Por: Osvaldo PepePese al trámite irregular y desprolijo de la misma, el Gobierno apuesta a la apelación que presentó el sábado ante un juez de cámara por los fallos de la jueza de primera instancia en el contencioso administrativo María José Sarmiento, que bloqueó el uso de US$ 6.569 millones de reservas para el pago de deuda y repuso a Redrado en el Banco Central hasta que se expida el Congreso. Así, los Kirchner hoy seguirían adelante con la apropiación de esas reservas contra todo límite institucional y mesura política.
Con ironía, en el Gobierno hablan de la "Resolución 126" para definir la reacción judicial y política ante su grosera embestida al Central: un modo de emparentar al vicepresidente Cobos, el hombre que tumbó la Resolución 125 de las retenciones móviles al campo. Aquella vez, el Gobierno quemó a Loustau, su ministro de Economía. Y ahora incineró a otro, Amado Boudou, hombre de lapicera fácil y convicciones siempre descartables, quien habló de horizonte despejado para la maniobra con sello K.: prepotente, pisoteando leyes, personas e instituciones.

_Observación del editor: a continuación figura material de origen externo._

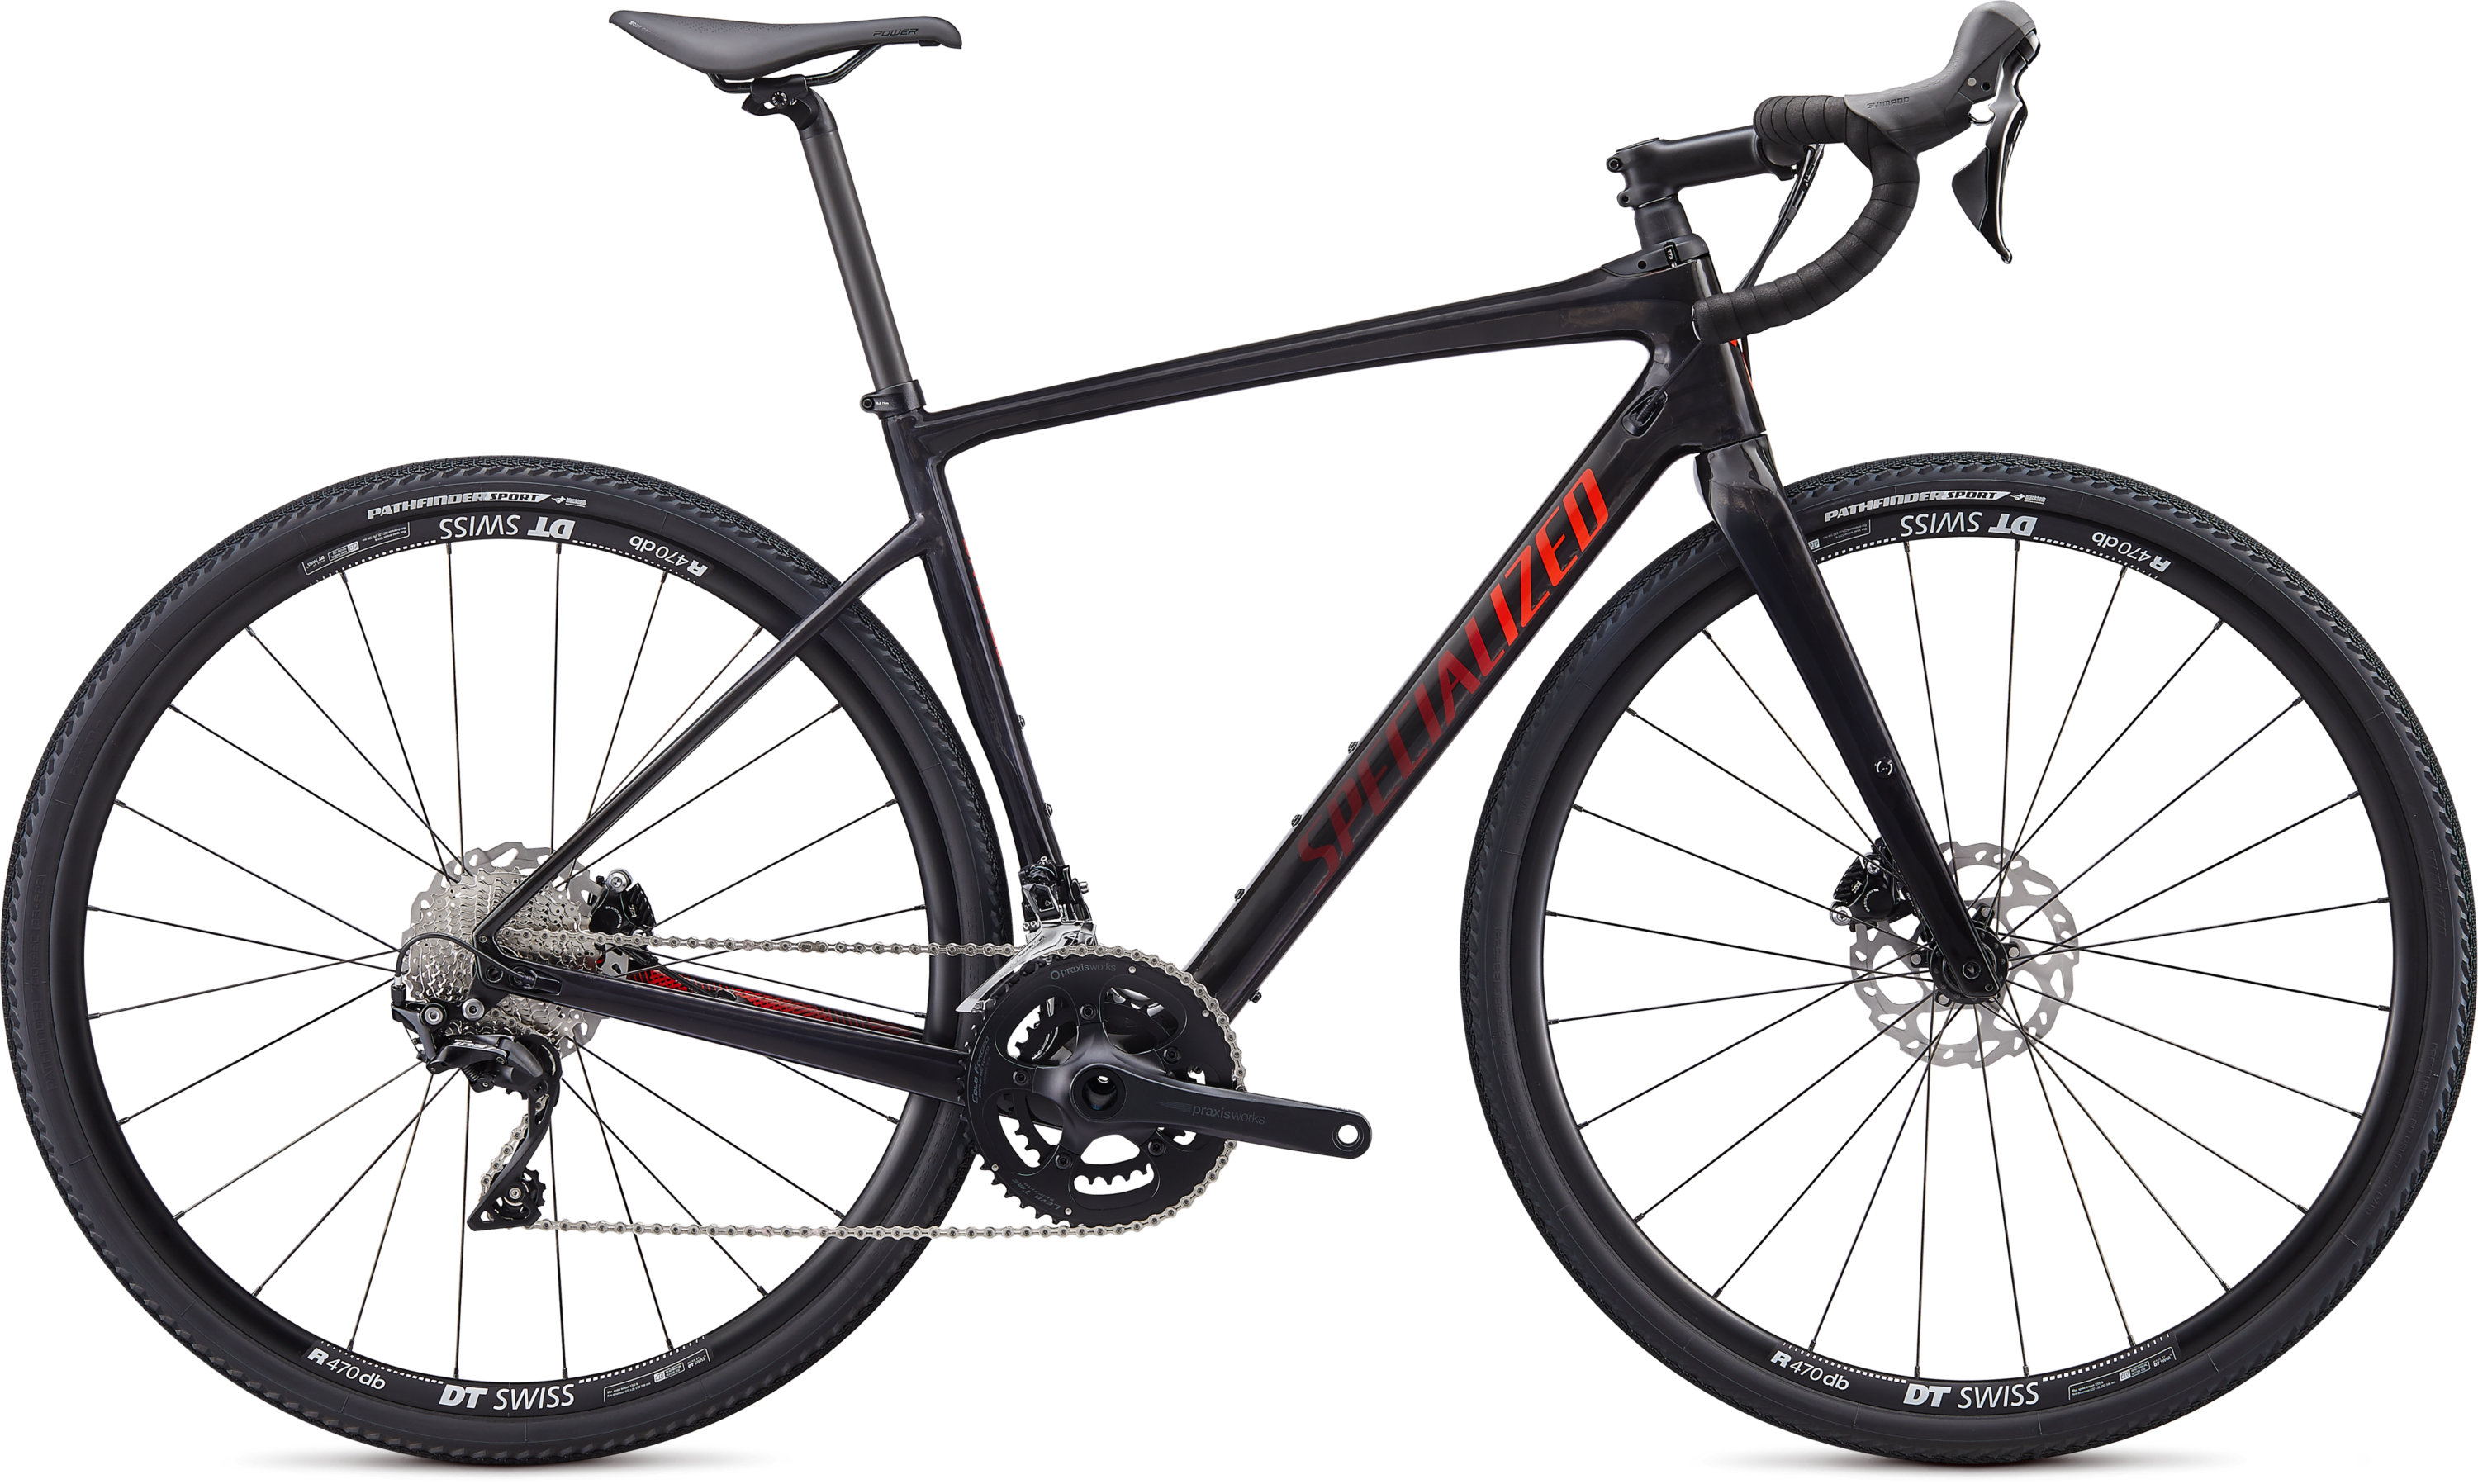 2019 specialized diverge

En tanto, la Corte Suprema todavía espera el pedido de explicaciones que le hizo a la Presidenta sobre los fundamentos de su polémico decreto, en oportunidad de aceptar el amparo de San Luis, que alegó que las reservas son federales, no del Gobierno. Cristina, más lejos de la "calidad institucional" que prometió, aún decidió no contestar.